We want to show that given a smoothed spooling graph, we need at least $R$ rounds for flooding to complete with some probability. Then we can say that flooding has a $\Omega(R)$ smoothed lower bound. For the flooding to last at least $R$ rounds, we want to show that it is likely that in the first $R-1$ rounds at least one node will not yet have received the message. A node $v$ can learn the flooded message in one of the following ways in round $r$:
  1. $v$ is numbered $r+1$ and will therefore learn the message from the node numbered $r$,
  2. there is a smoothed edge between some node in the left star and $v$ in the right star,
  3. $r+1$ knows the message and $v$ is in the right star.
If case $(1)$ occurs, we don't really mind, since only a single node will learn the message that round. This cannot be avoided and all nodes $x\in[1, R]$ will learn the message in this way. 

On the other hand, if case $(3)$ occurs even once, say in round $r$, then we know that by the end of round $r$ all nodes will have learned the message. Thus case $(3)$ is said to fail if it occurs even once.

If case $(2)$ happens too often, then we risk all nodes in the right star learning the message. Thus we say that case $(2)$ fails if more than $R$ nodes learn the message in this way. We must be careful to eventually pick an $R$ which satisfies $2R<n$ for sufficiently large $n$, so that at least one node will not have received the message if case $(2)$ does not fail.

Let's try to upper bound the probability that $(3)$ happens in the first $R-1$ rounds.

Obs 1: For $(3)$ to happen, we need some node numbered $x\in[1, R]$ to learn the message early (i.e. in a round $r<x-1$) via a smoothed edge.

Consider each round $r<R$ where case $(2)$ and $(3)$ have not failed yet. Then we define the set $S$ to be the set of edges between a node in the left star (has the message) to a node in $[r+2, R]$. Note that $|S|=O(R^2)$.

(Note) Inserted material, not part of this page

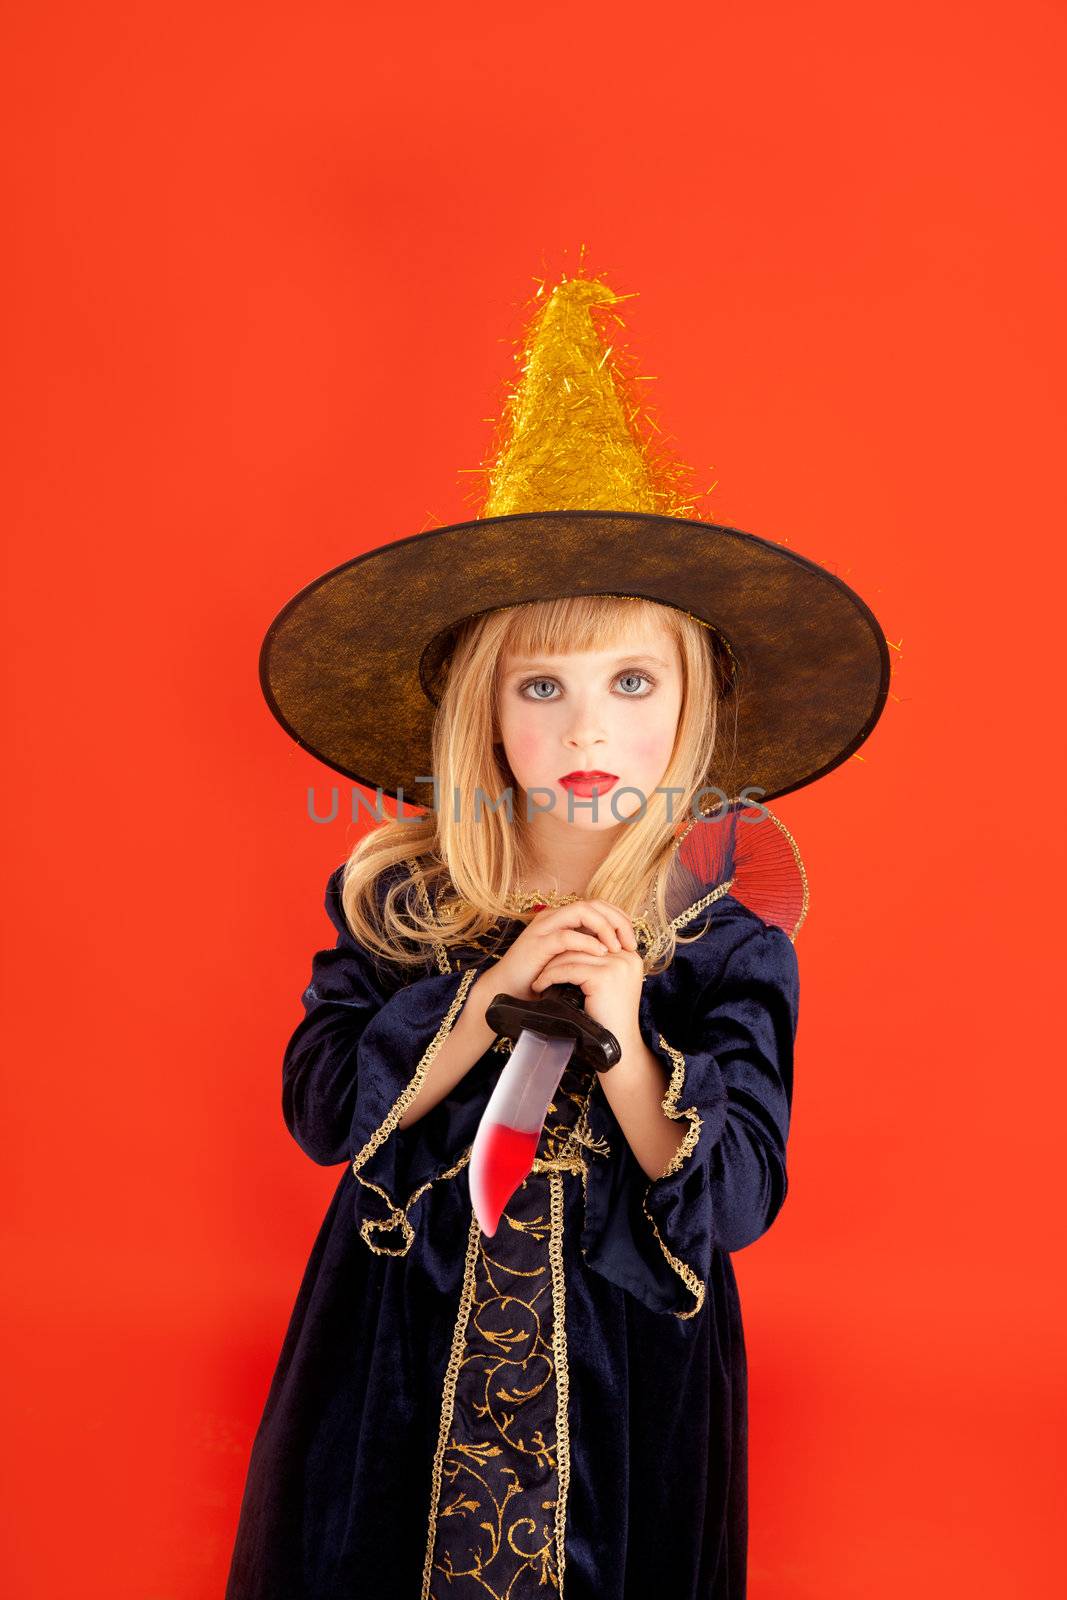 Halloween kid girl costume on orange background
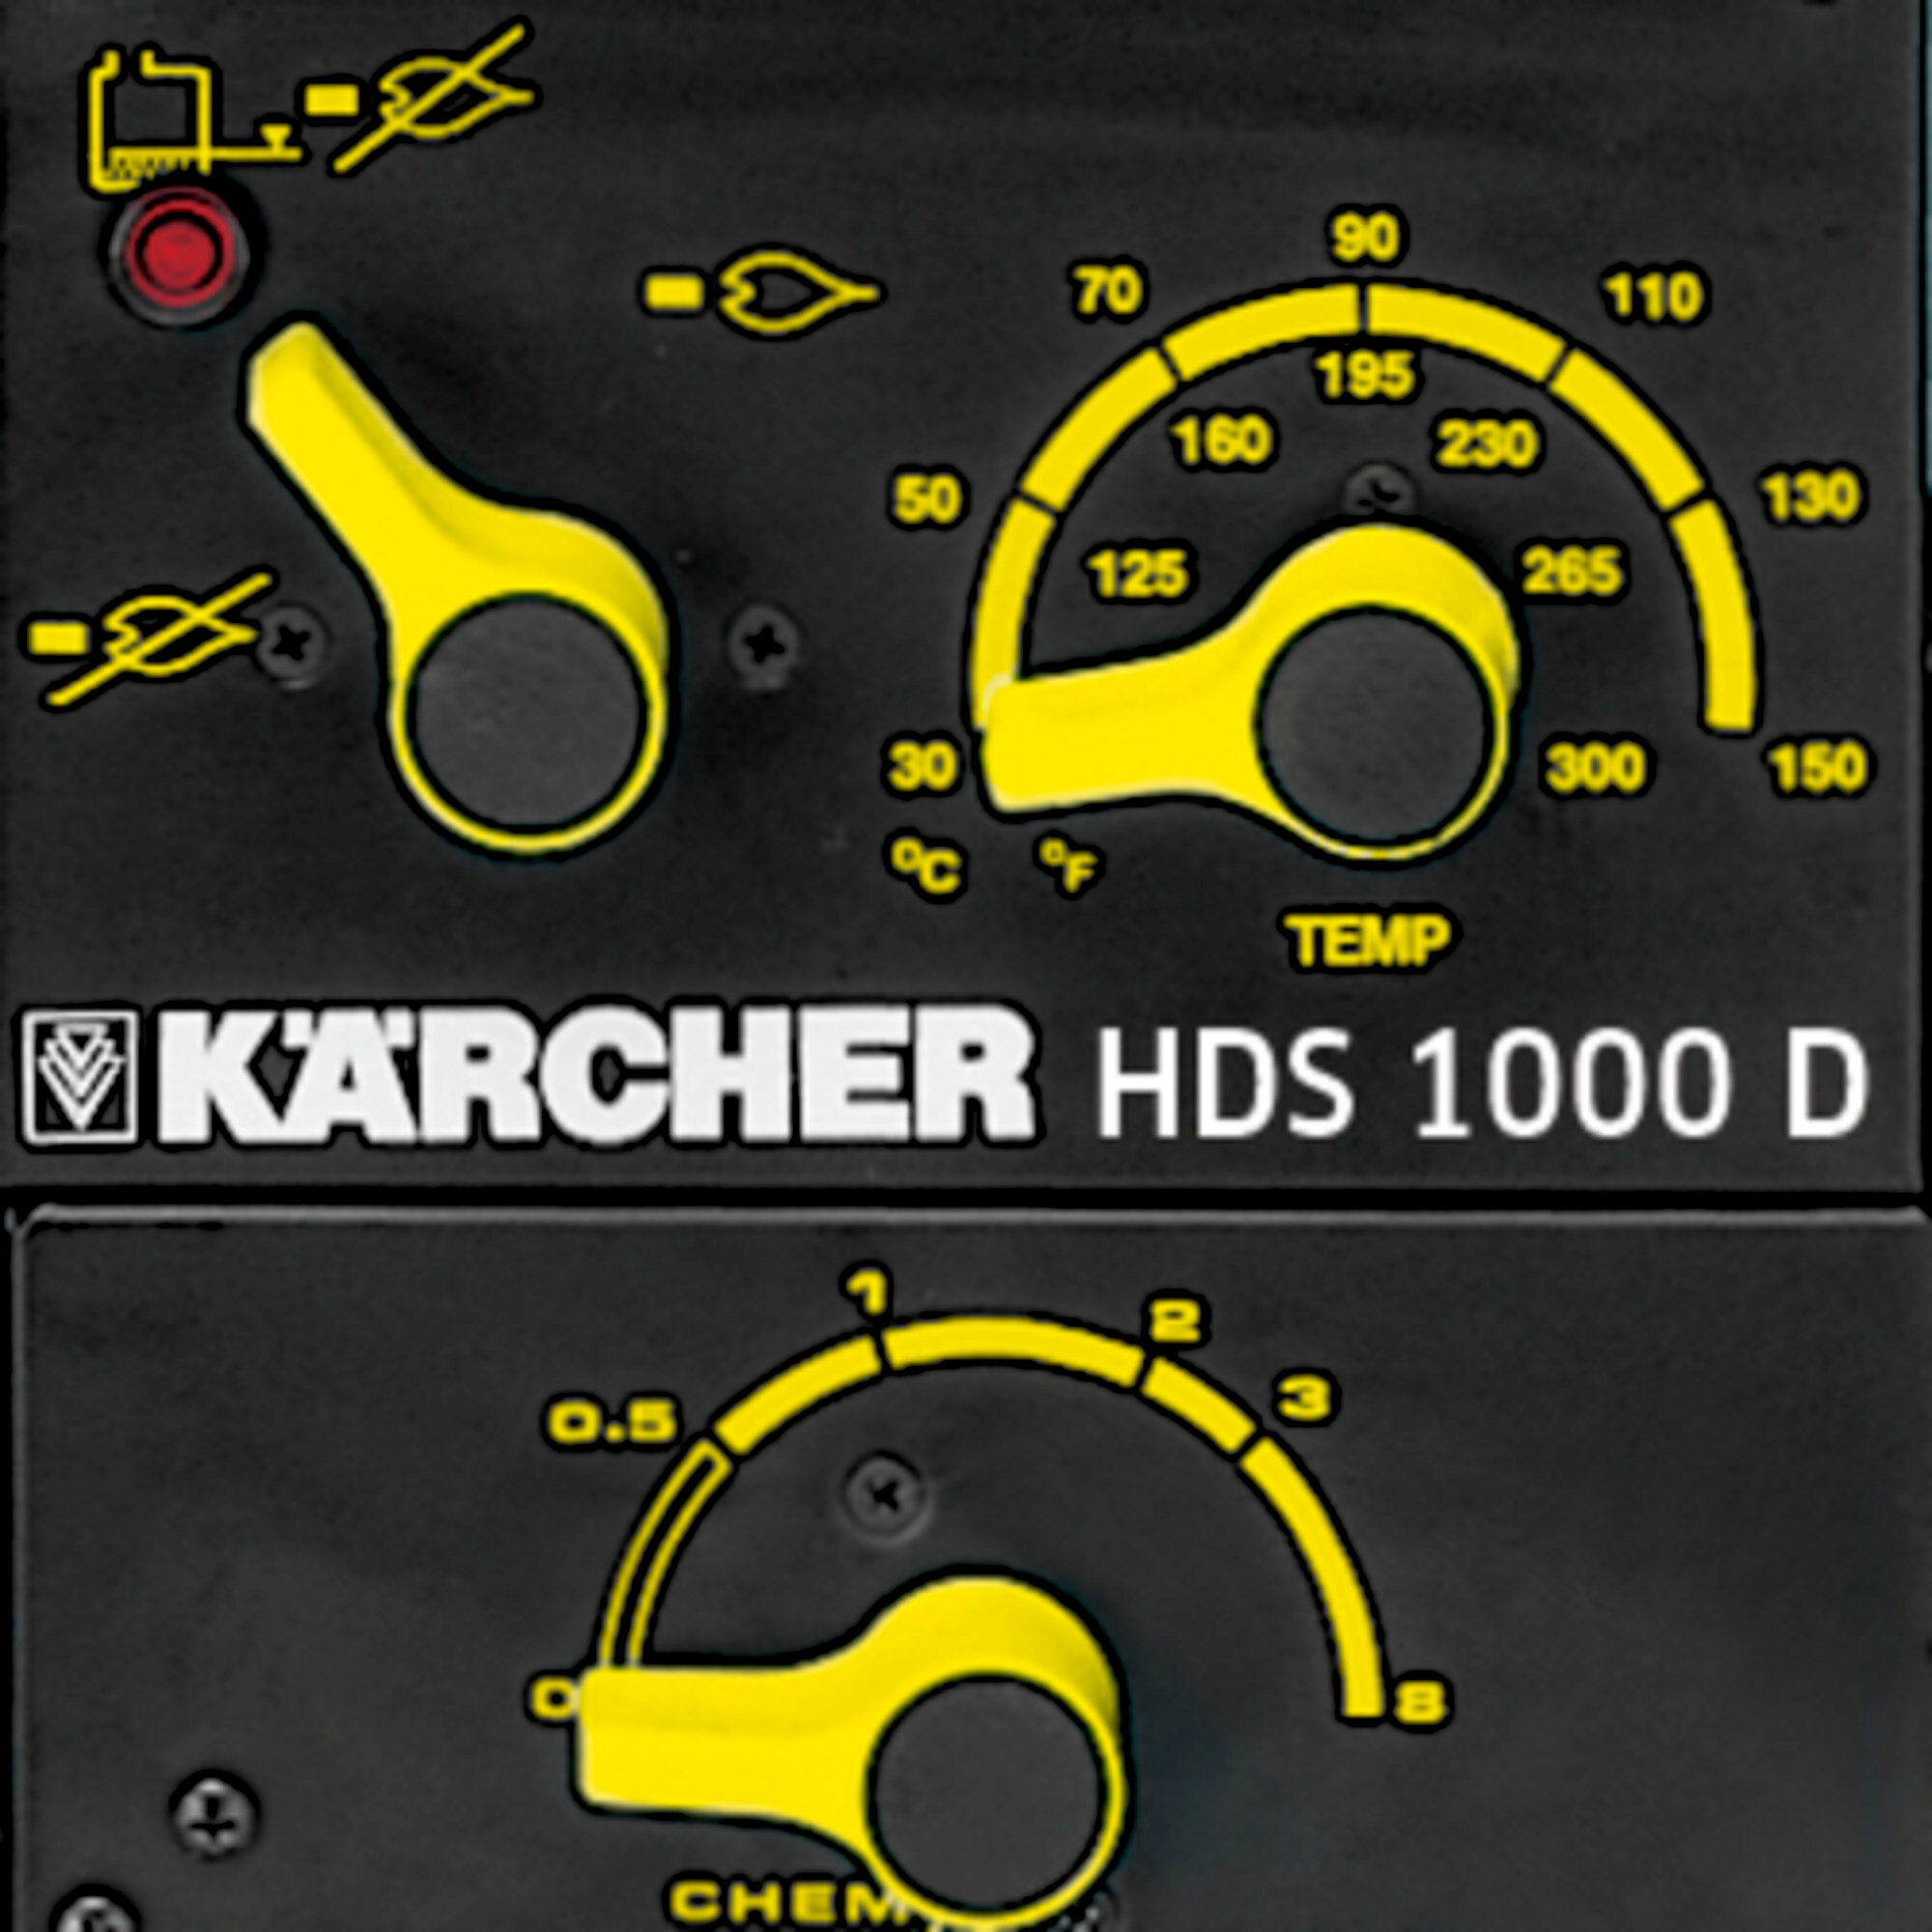 High pressure washer HDS 1000 De: Optimum ease of use

We use the following lemma (discussed in previous blog post) to help us bound the probability that a smoothed edge as described in observation $1$ is added. 

Lemma 1: There exists constant $c_3 > 0$ such that the following holds. Consider any graph $G = (V, E)\in\text{allowed}(\mathcal{G}_{\text{conn}})$. Consider also any set $S$ of edges and smoothing value $k \leq n/16$ such that $S \cap E = \emptyset$. Then with probability at most $c_3k|S|/n^2$ , the $k$-smoothed graph $G'$ of $G$ contains an edge from $S$.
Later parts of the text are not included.